Database schema migrations using sqlite-utils

Schema migrations define a sequence of changes to be made to a SQLite database, plus a mechanism for tracking which migrations have been applied and applying any that are found to be pending.

Migrations are defined in Python files using the sqlite-utils Python library, which includes a powerful table.transform() method providing enhanced alter table capabilities that are not supported by SQLite's ALTER TABLE statement.

(table.transform() implements the pattern recommended by the SQLite documentation - create a new temporary table with the new schema, copy across the data, then drop the old table and rename the temporary one in its place.)

Here's an example migration file which creates a table called creatures, adds an additional column to it in a second step, then changes the types of two of the columns in a third:

from sqlite_utils import Migrations

migrations = Migrations("creatures")

@migrations()
def create_table(db):
    db["creatures"].create(
        {"id": int, "name": str, "species": str},
        pk="id",
    )

@migrations()
def add_weight(db):
    db["creatures"].add_column("weight", float)

@migrations()
def change_column_types(db):
    db["creatures"].transform(types={"species": int, "weight": str})

Save that as migrations.py and run it against a fresh database like this:

uvx sqlite-utils migrate data.db migrations.py

Then if you check the schema of that database:

uvx sqlite-utils schema data.db

You'll see this SQL:

CREATE TABLE "_sqlite_migrations" (
   "id" INTEGER PRIMARY KEY,
   "migration_set" TEXT,
   "name" TEXT,
   "applied_at" TEXT
);
CREATE UNIQUE INDEX "idx__sqlite_migrations_migration_set_name"
    ON "_sqlite_migrations" ("migration_set", "name");
CREATE TABLE "creatures" (
   "id" INTEGER PRIMARY KEY,
   "name" TEXT,
   "species" INTEGER,
   "weight" TEXT
);

The _sqlite_migrations table is used to keep track of which migration functions have been run. The creatures table above is the schema after all three migrations have been applied.

To see a list of migrations, both pending and applied, run this:

uvx sqlite-utils migrate data.db migrations.py --list

Output:

Migrations for: creatures

  Applied:
    create_table - 2026-07-07 17:58:41.360051+00:00
    add_weight - 2026-07-07 17:58:41.360608+00:00
    change_column_types - 2026-07-07 18:01:15.802000+00:00

  Pending:
    (none)

If you don't specify a migrations file, the sqlite-utils migrate data.db command will scan the current directory and its subdirectories for files called migrations.py and apply any Migrations() instances it finds in them.

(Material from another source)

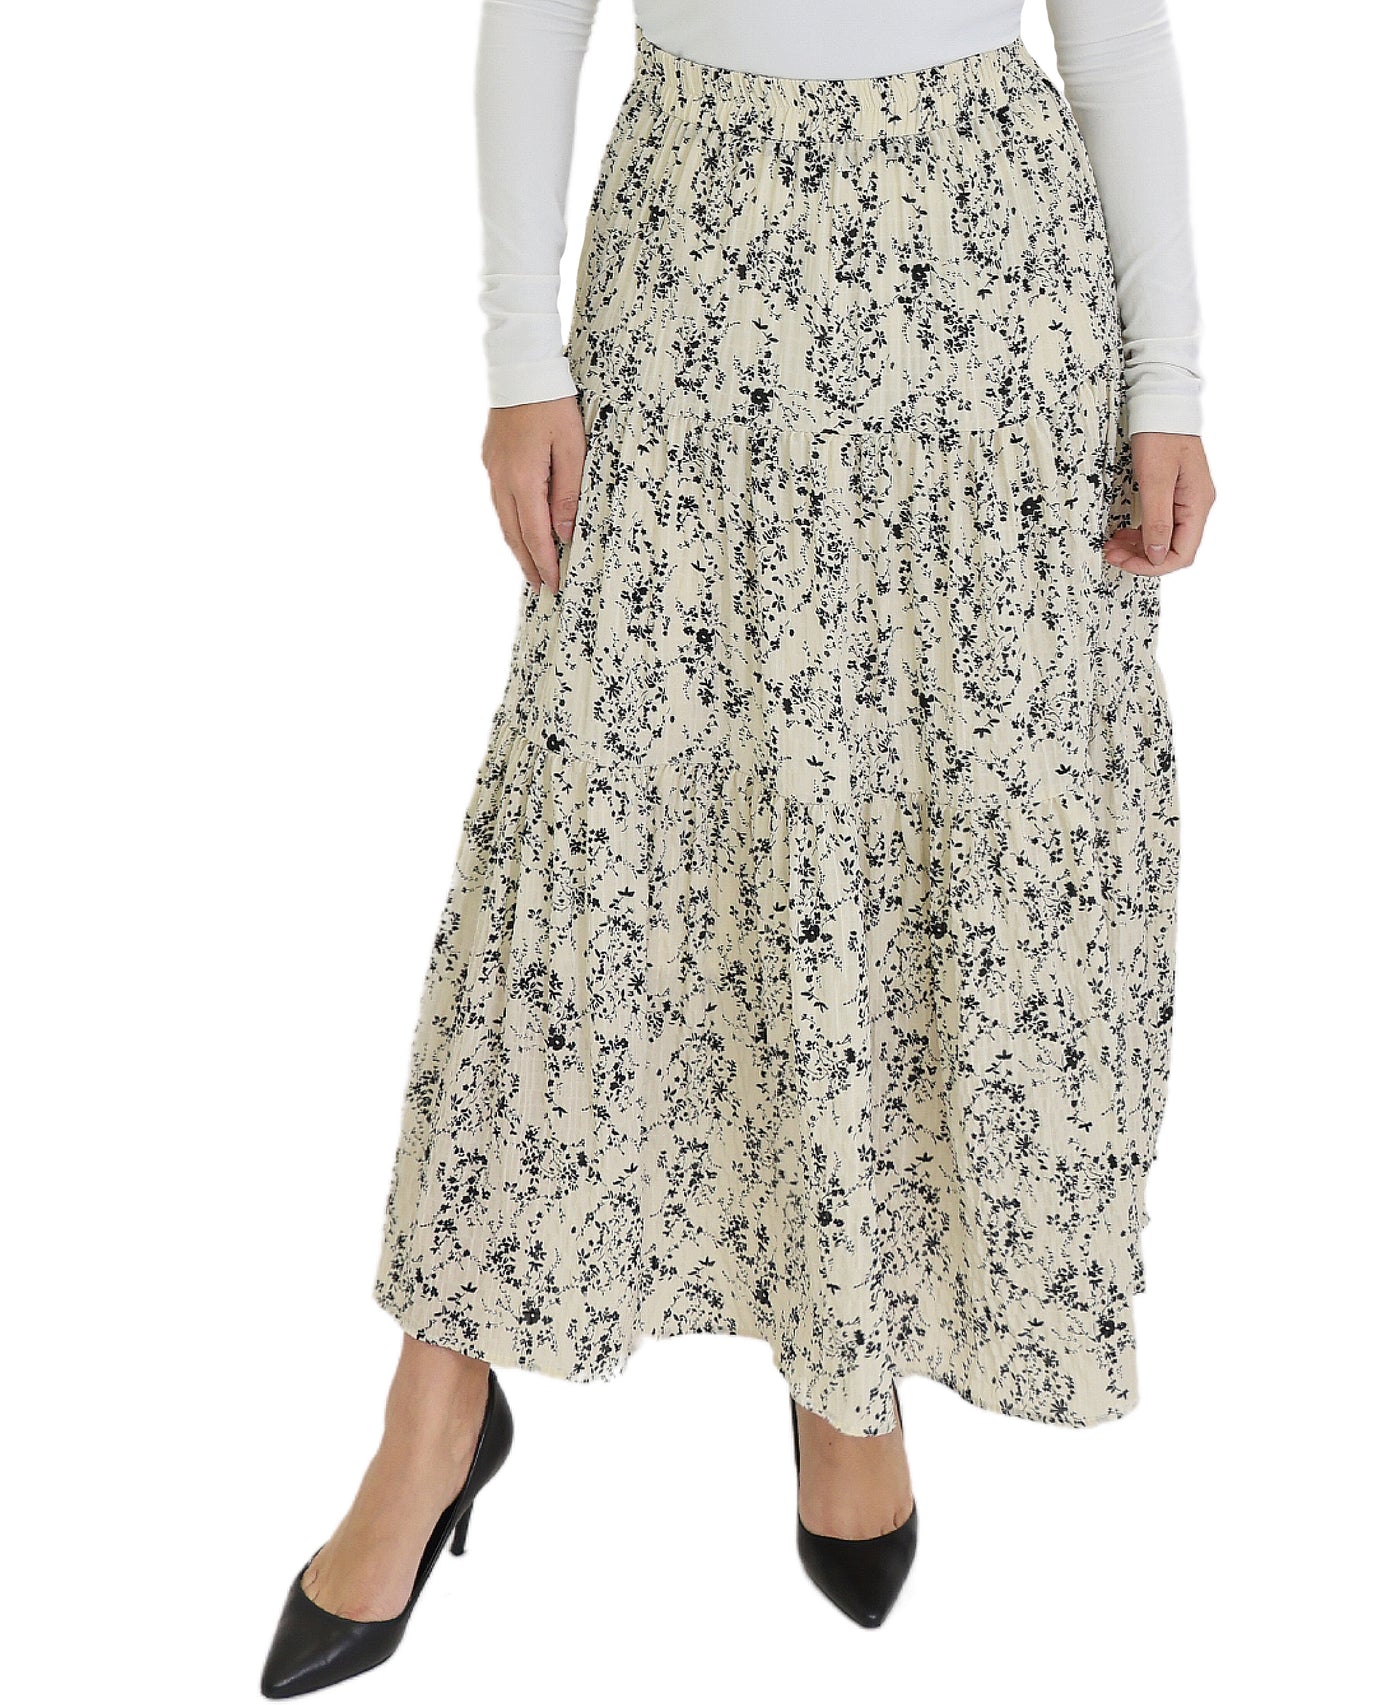 Tiered Floral Midi Skirt image 1
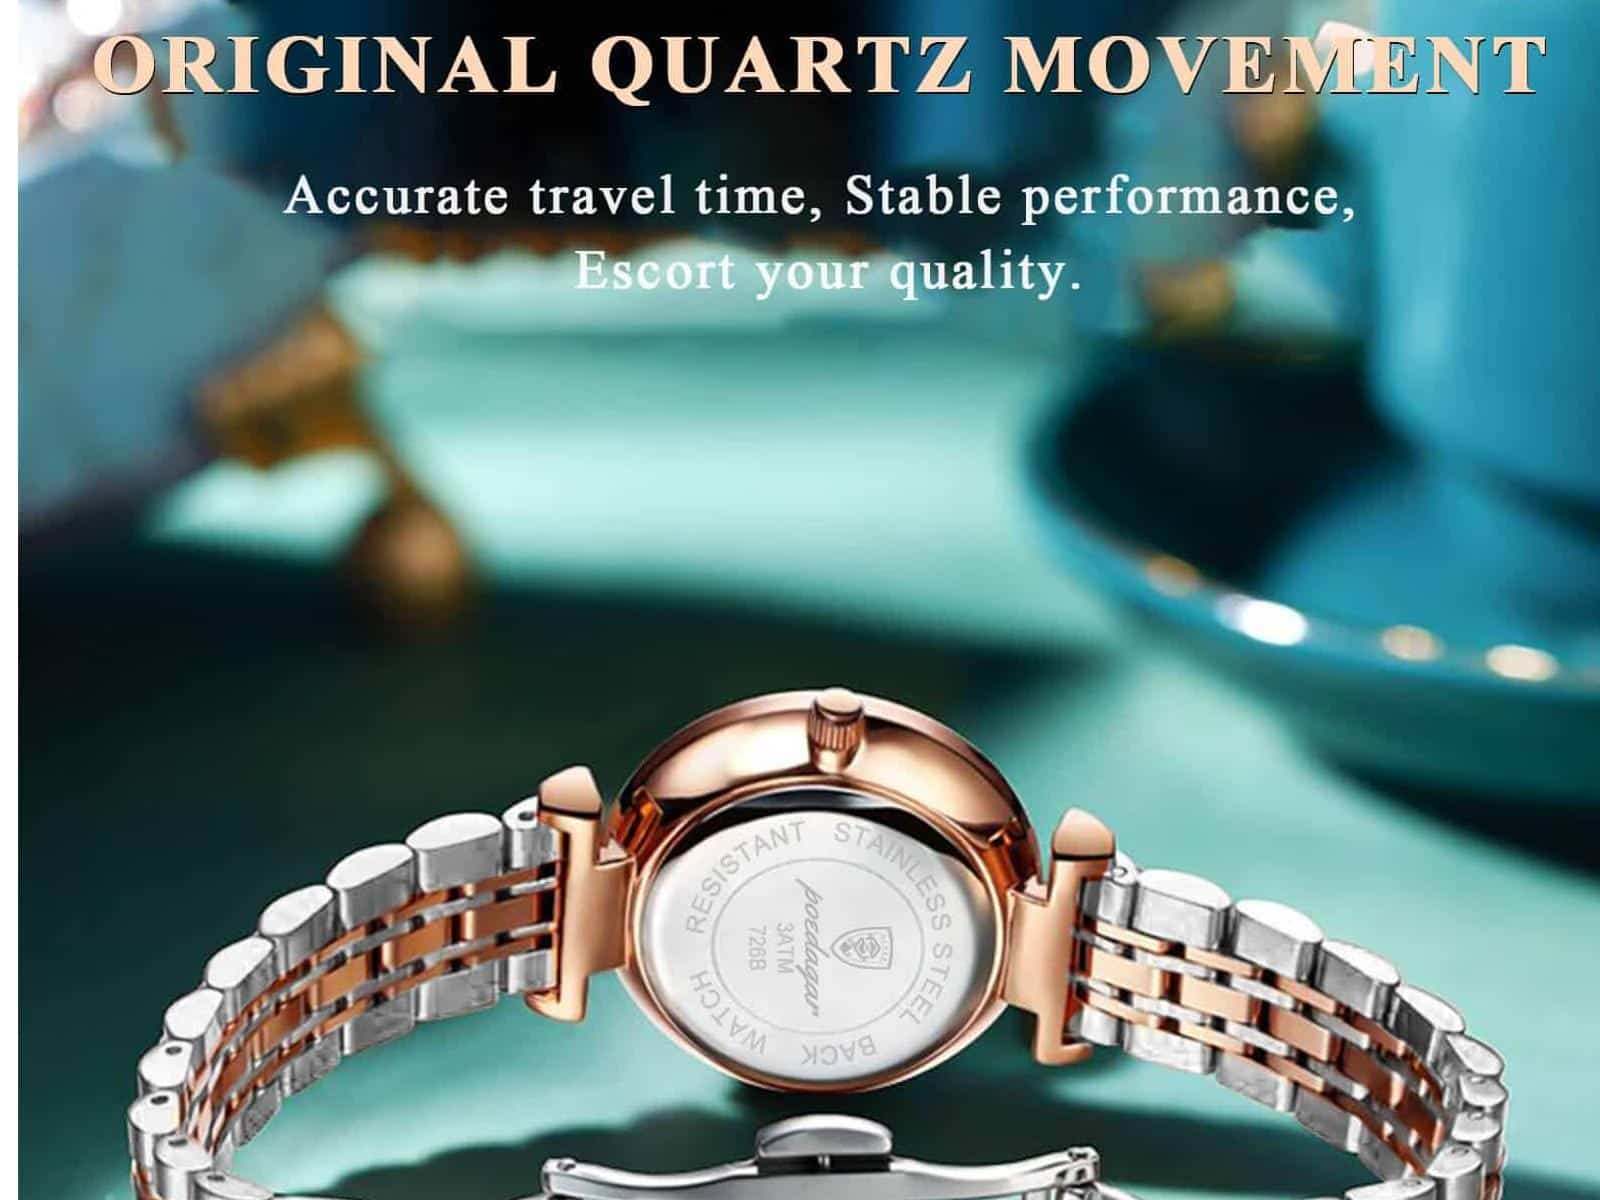 POEDAGAR יוקרה שעון עבור אישה באיכות גבוהה יהלומי גבירותיי קוורץ שעון עמיד למים תאריך נירוסטה נשים שעונים reloj + תיבה

You can also execute migrations from Python code using the migrations.apply(db) method, which is useful for building tools that manage their own database schemas over multiple versions. My own LLM tool has been using a version of this pattern for several years now, as shown in llm/embeddings_migrations.py.

Prior art

My favorite implementation of this pattern remains Django's Migrations, developed by Andrew Godwin based on his earlier project South. Fun fact: Andrew, Russ Keith-Magee, and I presented our competing approaches to schema migrations for Django on the Schema Evolution panel at the very first DjangoCon back in 2008! My attempt was called dmigrations, developed with a team at Global Radio in London.

Django's migrations can be automatically generated from model definitions and include the ability to roll back to a previous version. The sqlite-utils approach is deliberately simpler: unlike Django, sqlite-utils encourages programmatic table creation rather than a model definition ORM, so there isn't anything we can use to automatically generate migrations.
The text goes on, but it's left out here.